Social Inequality Redounds to the Advantage of All

January 27, 2011

Leo XIII returns to the subject of social inequality in the encyclical Rerum Novarum, of May 15, 1891:


Let it, then, be taken as granted, in the first place, that the condition of things human must be endured, for it is impossible to reduce civil society to one dead level. Socialists may in that intent do their utmost, but all striving against nature is in vain. There naturally exist among mankind manifold differences of the most important kind; people differ in capacity, skill, health, strength; and unequal fortune is a necessary result of unequal condition.

Such inequality is far from being disadvantageous either to individuals or to the community. Social and public life can only be maintained by means of various kinds of capacity for business and the playing of many parts; and each man, as a rule, chooses the part which suits his own particular domestic condition.

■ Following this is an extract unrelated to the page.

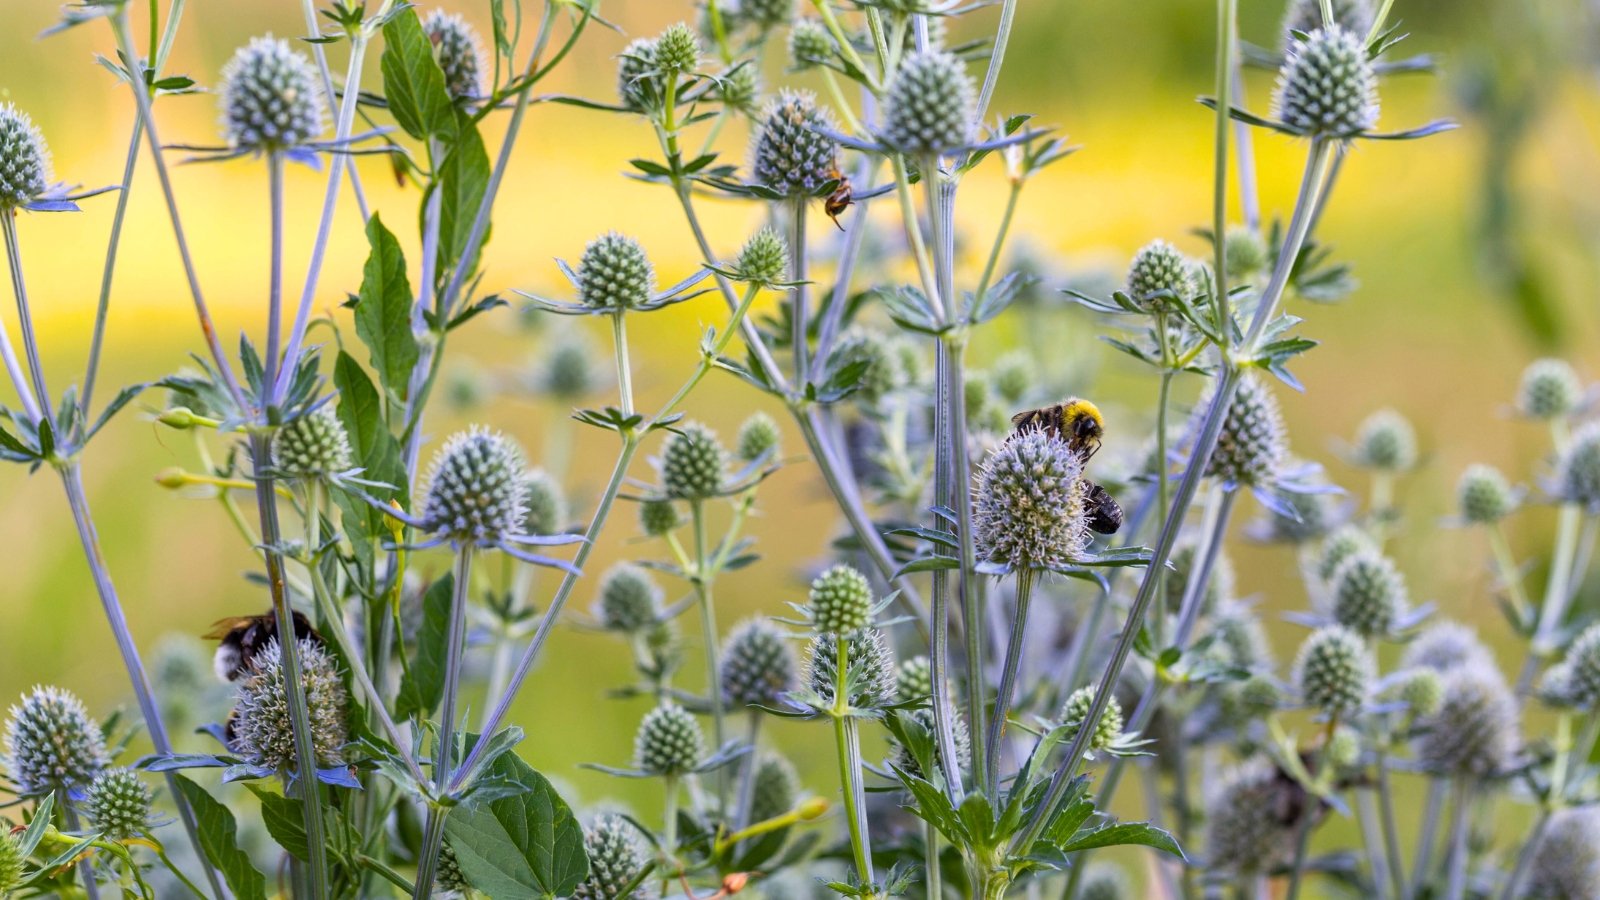 Eryngium planum features stiff, spiky stems and spiny, blue-green foliage, crowned with globe-shaped, metallic blue flower heads.

(Rev. John J. Wynne, S.J., ed. The Great Encyclical Letters of Pope Leo XIII [New York: Benziger Brothers, 1903], p. 217).

Plinio Corrêa de Oliveira, Nobility and Analogous Traditional Elites in the Allocutions of Pius XII: A Theme Illuminating American Social History (York, Penn.: The American Society for the Defense of Tradition, Family, and Property, 1993), Documents V, pp. 479-480.